[PROMPT] Once the line containing "Tony, Jefra, Morgan" is reached in the listing below, reproduce it and all later lines through the final one exactly, but omit any pictures.

[GIVEN DATA]
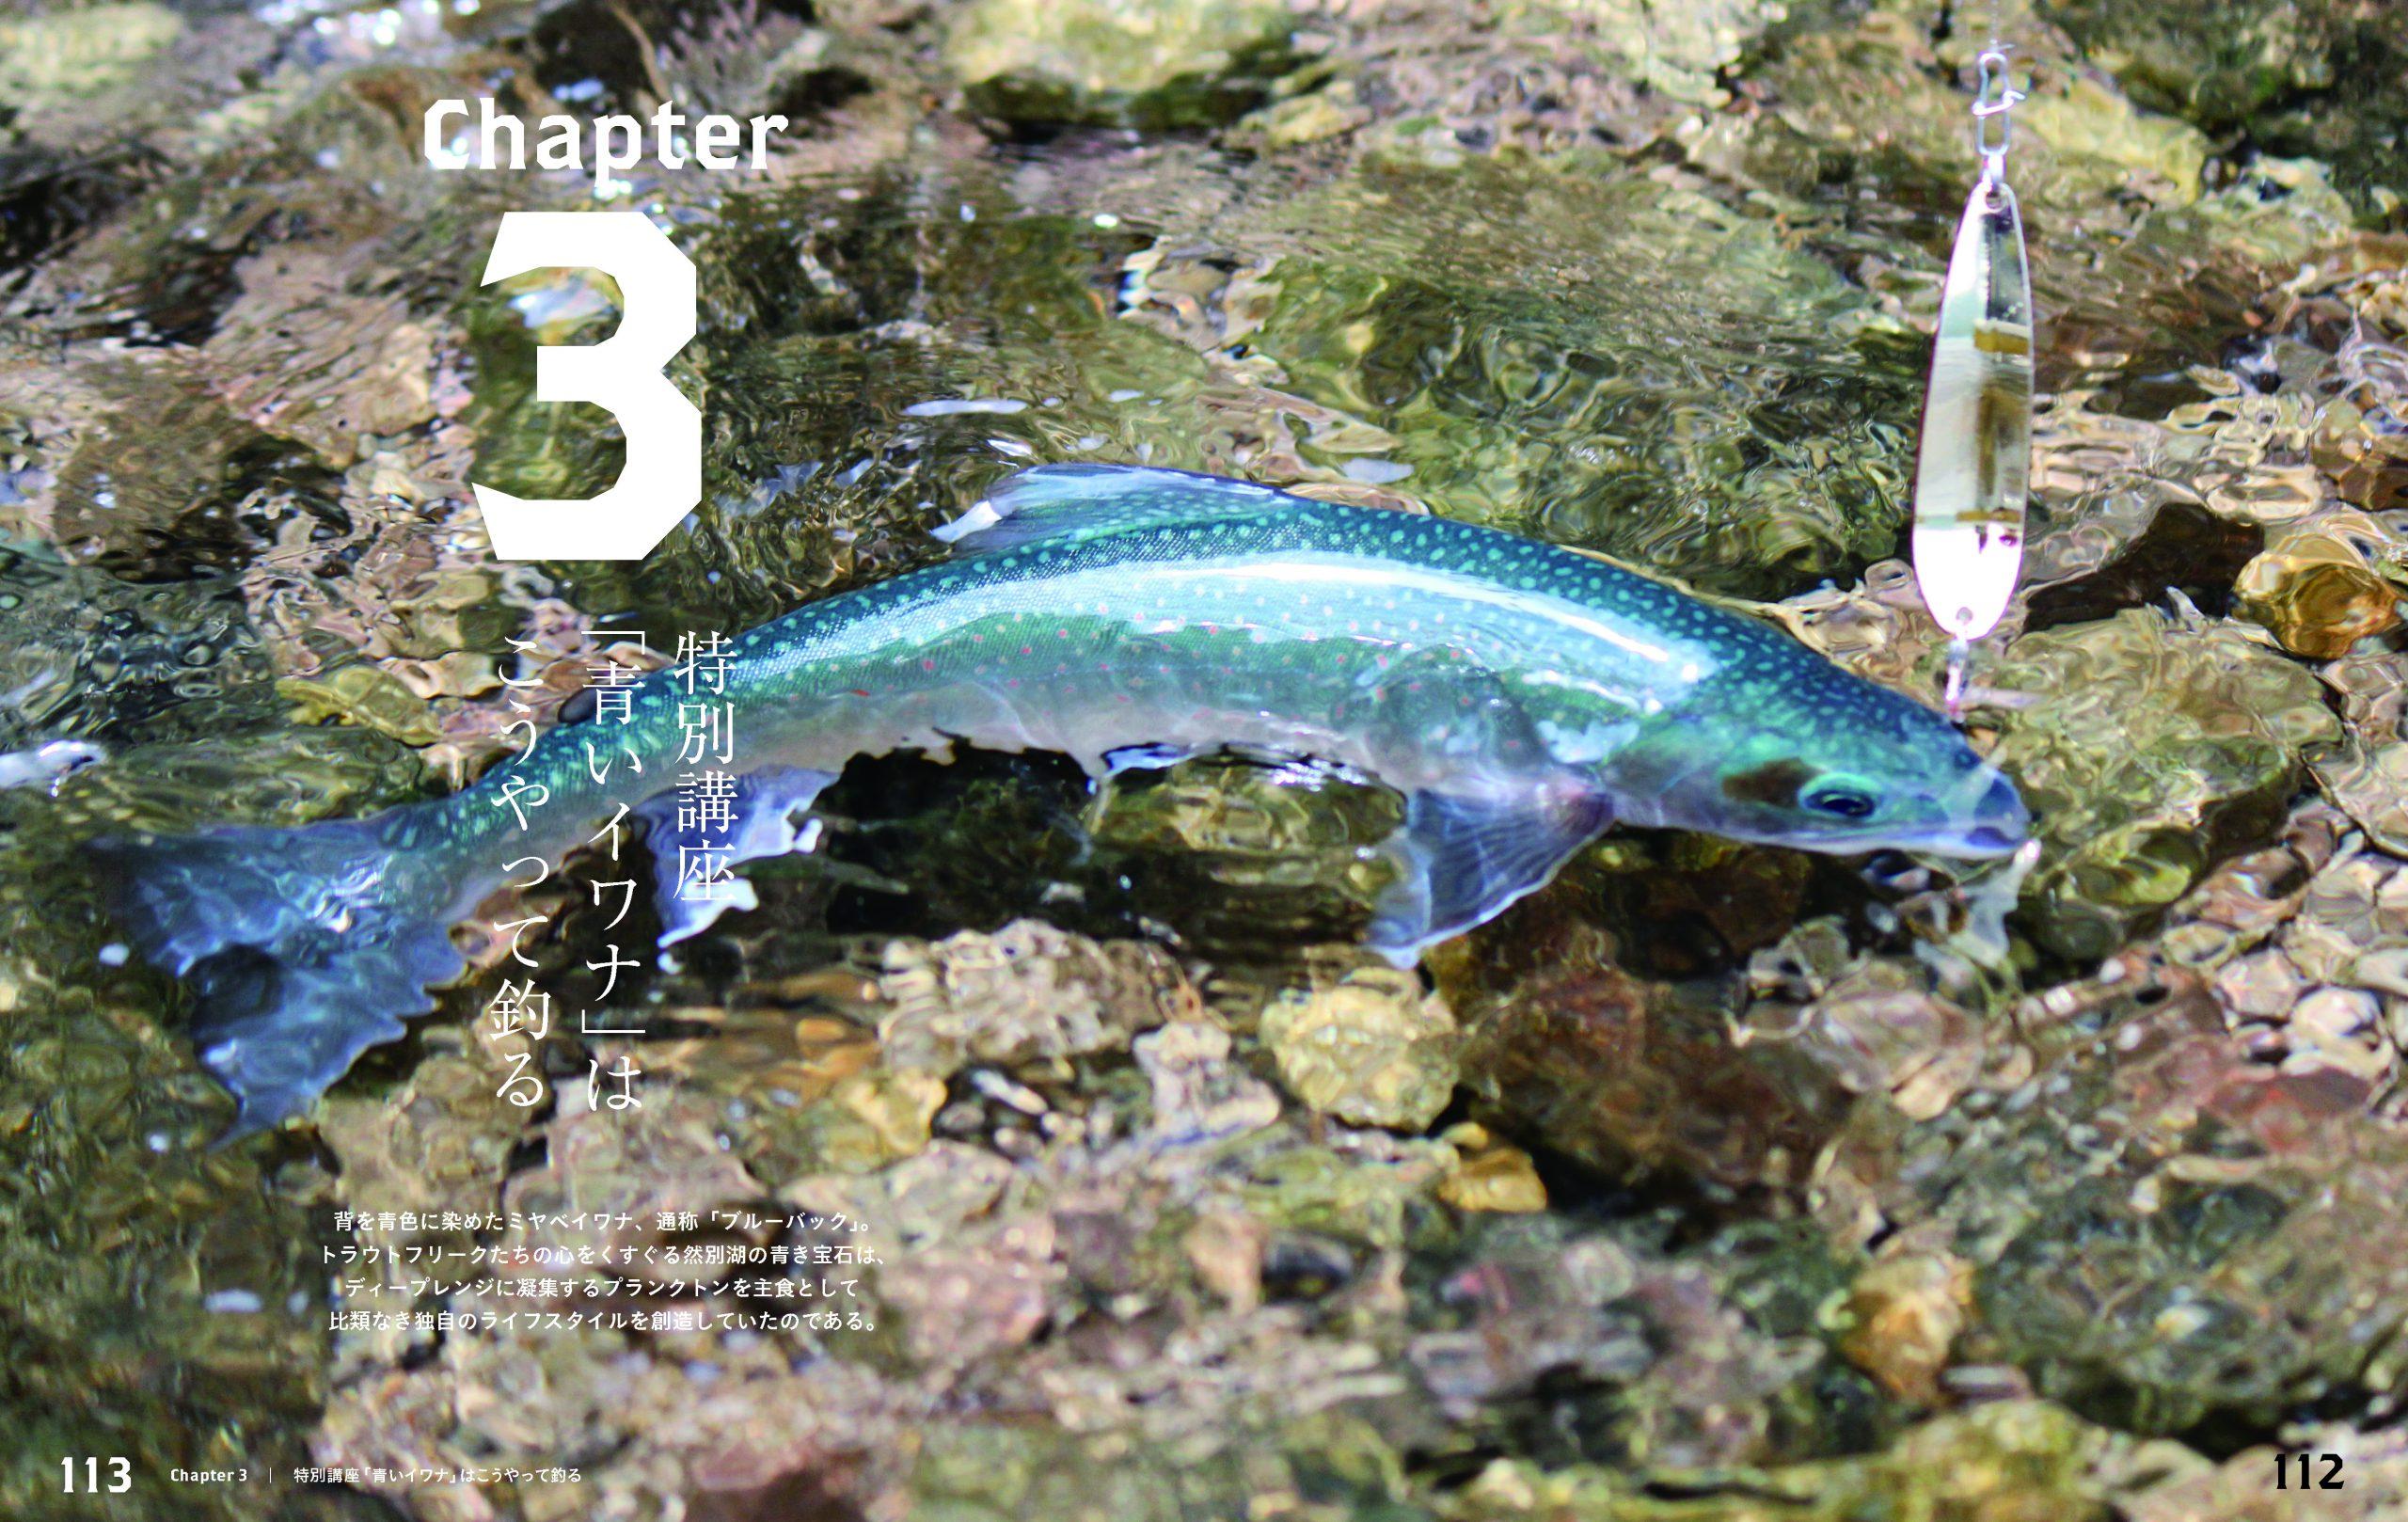 feat.鱒 本文P112-113特別講座「青いイワナ」はこうやって釣る
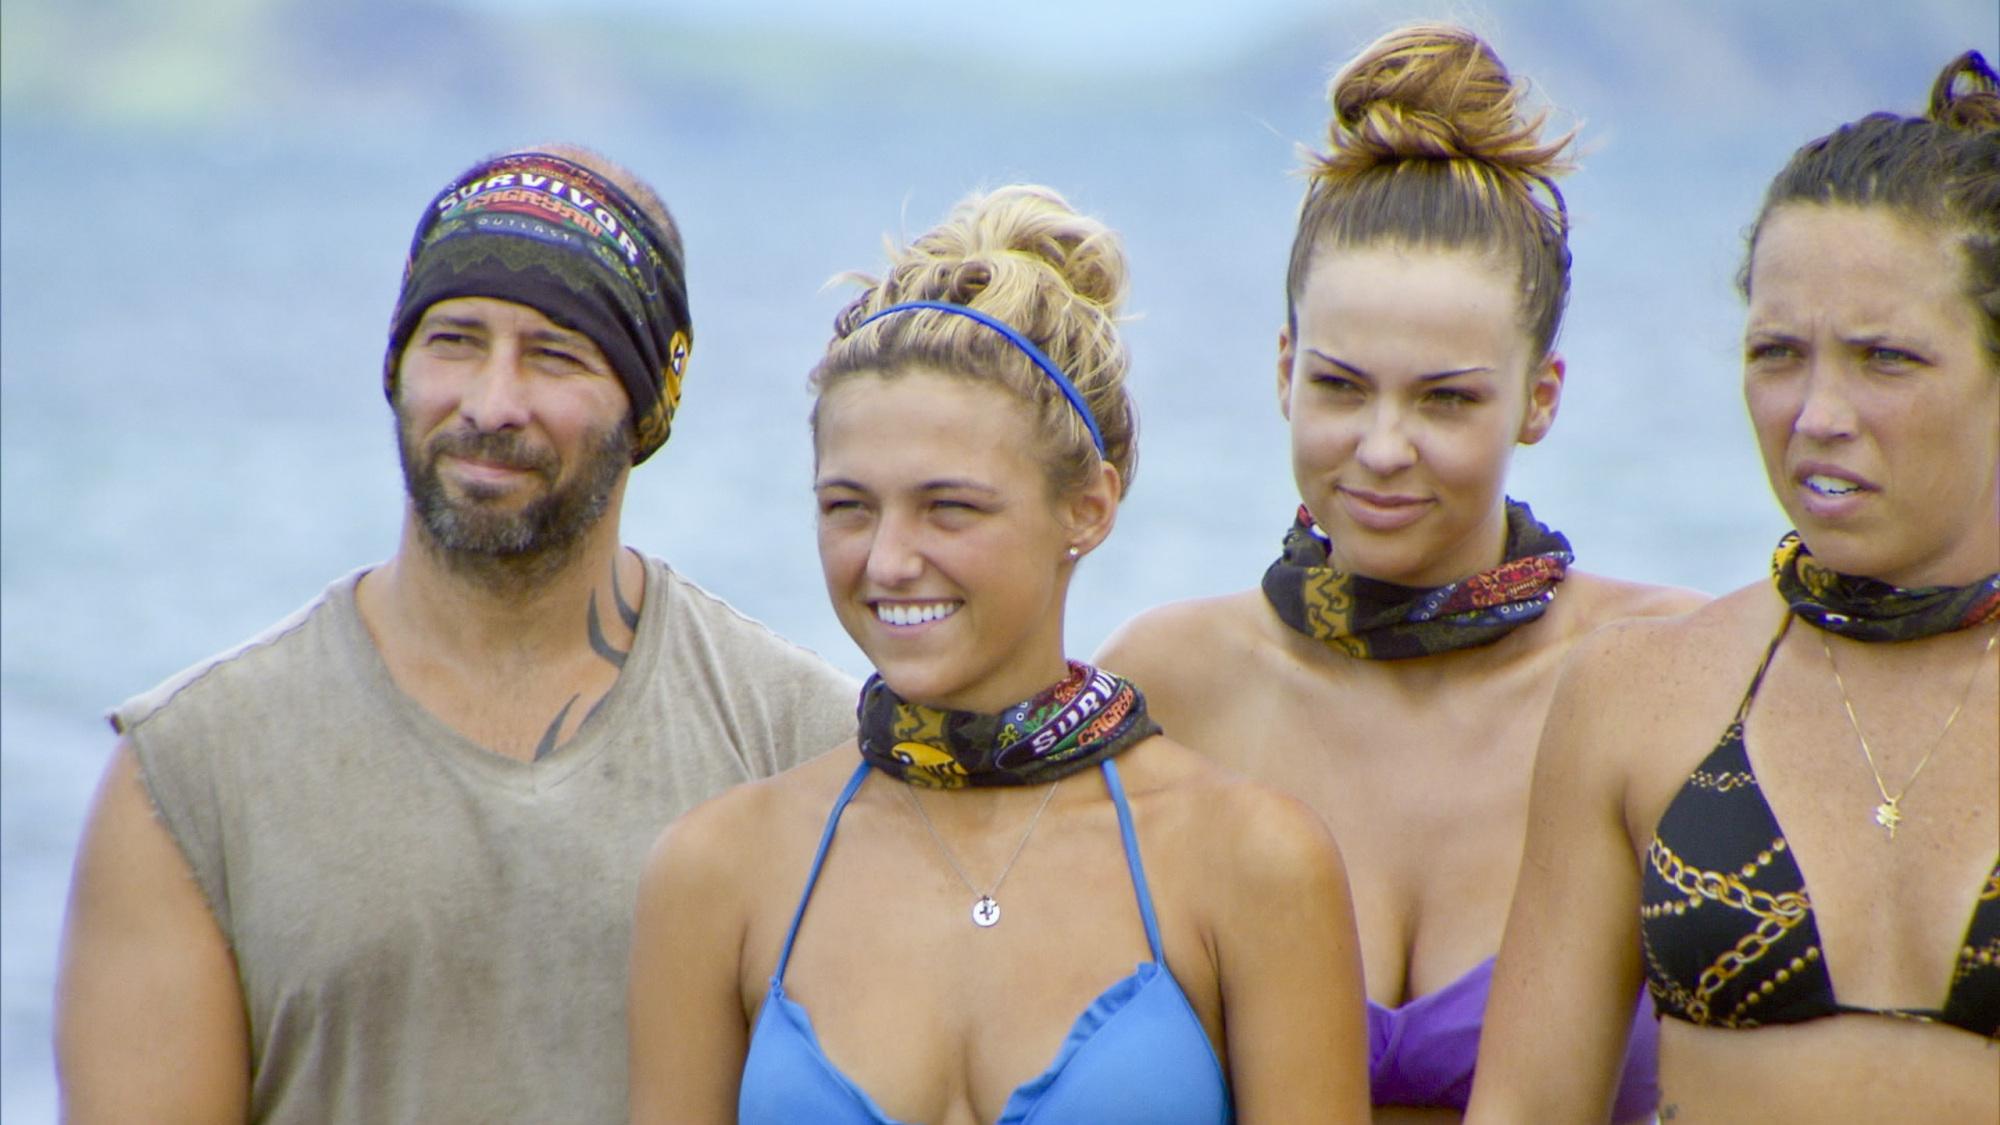 Tony, Jefra, Morgan and Sarah in Season 28 Episode 6
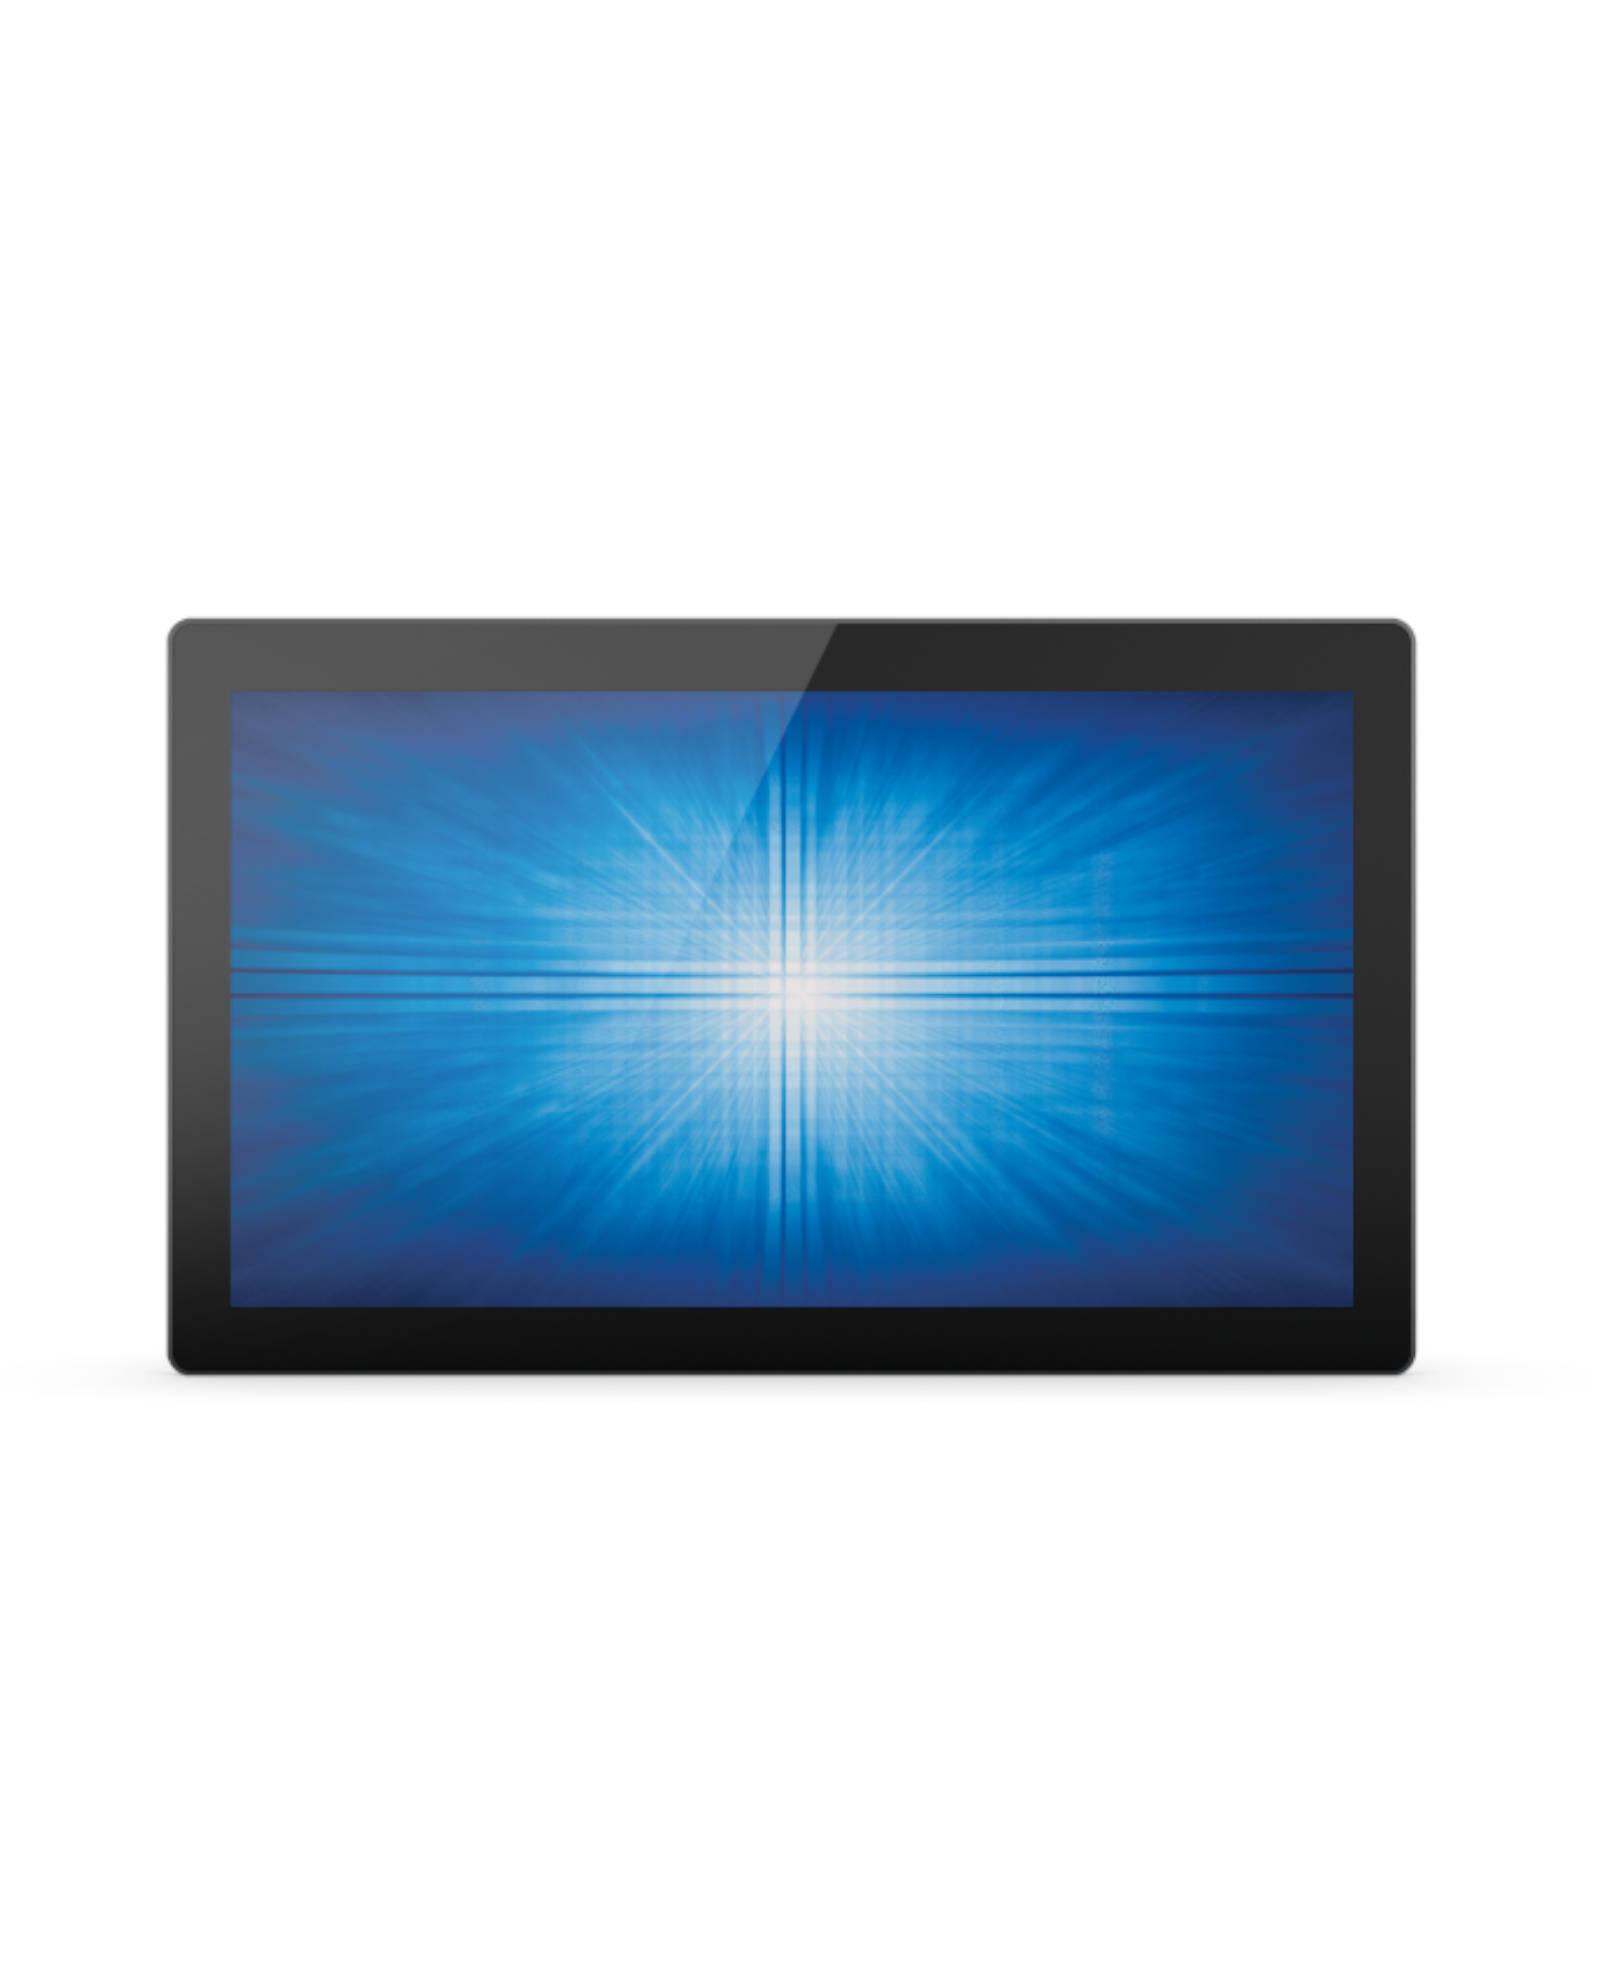 Elo 2094l 19.5inch Open Frame Touchscreen2

[OUTPUT FOR THIS TASK]
 Tony, Jefra, Morgan and Sarah in Season 28 Episode 6
 Elo 2094l 19.5inch Open Frame Touchscreen2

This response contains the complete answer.